Billy’s life forever changed when he visited the Jarman Zoological Institute and was accidentally scratched by Sheba, an escaped leopard being treated for an unspecified disease with radioactive chemicals.

In the days before Health and Safety regulations or a culture of litigation, Billy was given a rapid once-over by the boffins in charge and declared fine before being sent home. When Uncle Charlie tried to hit him. the brute was casually chucked into the dustbins and the lad realised he had developed  the strength, speed, stamina and agility of a jungle cat as well as enhanced senses, empathic feelings, a paralysing roar and a predator’s “danger-sense”…

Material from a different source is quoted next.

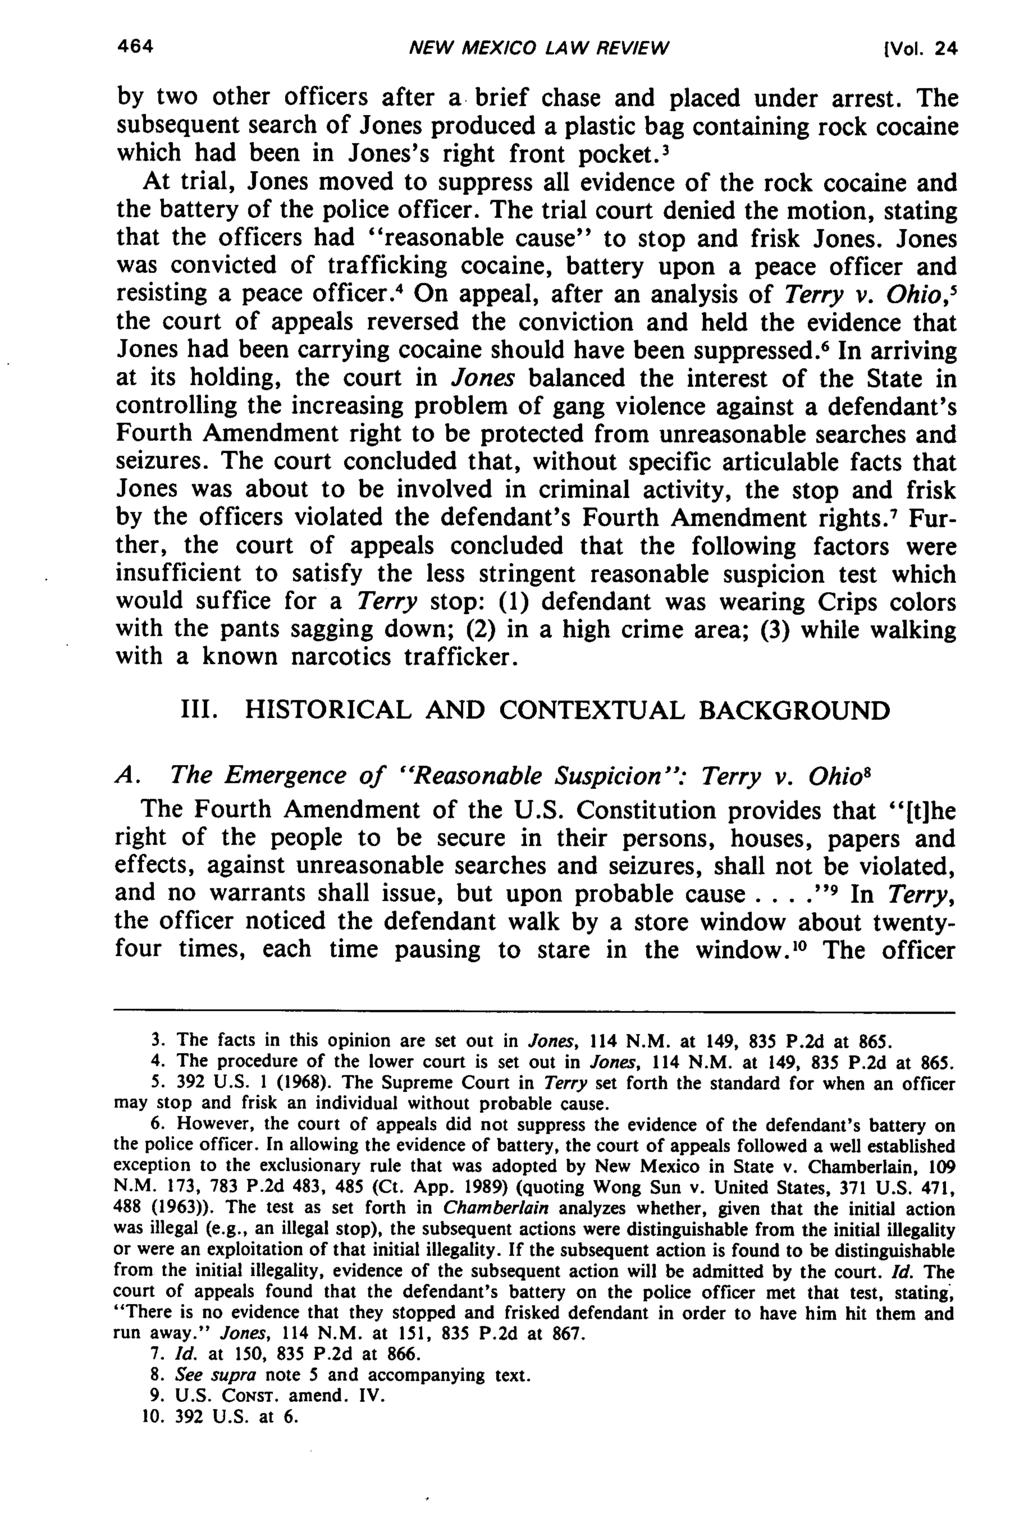 NEW MEXICO LAW REVIEW (Vol. 24 by two other officers after a brief chase and placed under arrest.

Soon, clad in a modified pantomime costume, Billy prowled Selbridge’s dark streets and low rooftops, incurring the curiosity and animosity of Thaddeus Clegg: editor of local paper The Selbridge Sun whilst ever-more confidant Billy sold exclusive news photos of burglars, crooks and kidnappers the vigilante “leopard man” preyed upon at night. Somehow, the raw kid could also get candid shots of many secluded celebrities no adult journo could get near…

Moreover, the boy’s earnings – grudgingly paid by Clegg – started making life easier for Aunt Joan, whilst the Beast’s constant proximity to Lime Street ensured Charlie kept his outbursts verbal and his drunken fists unclenched…

School remained a nightmare of bullies and almost-exposure of Billy’s secret, but home life improved further once the police identified Billy as an official confidante of the vigilante. They even noted how Charlie was regularly brutalised by the feral fury in defence of his “friend”…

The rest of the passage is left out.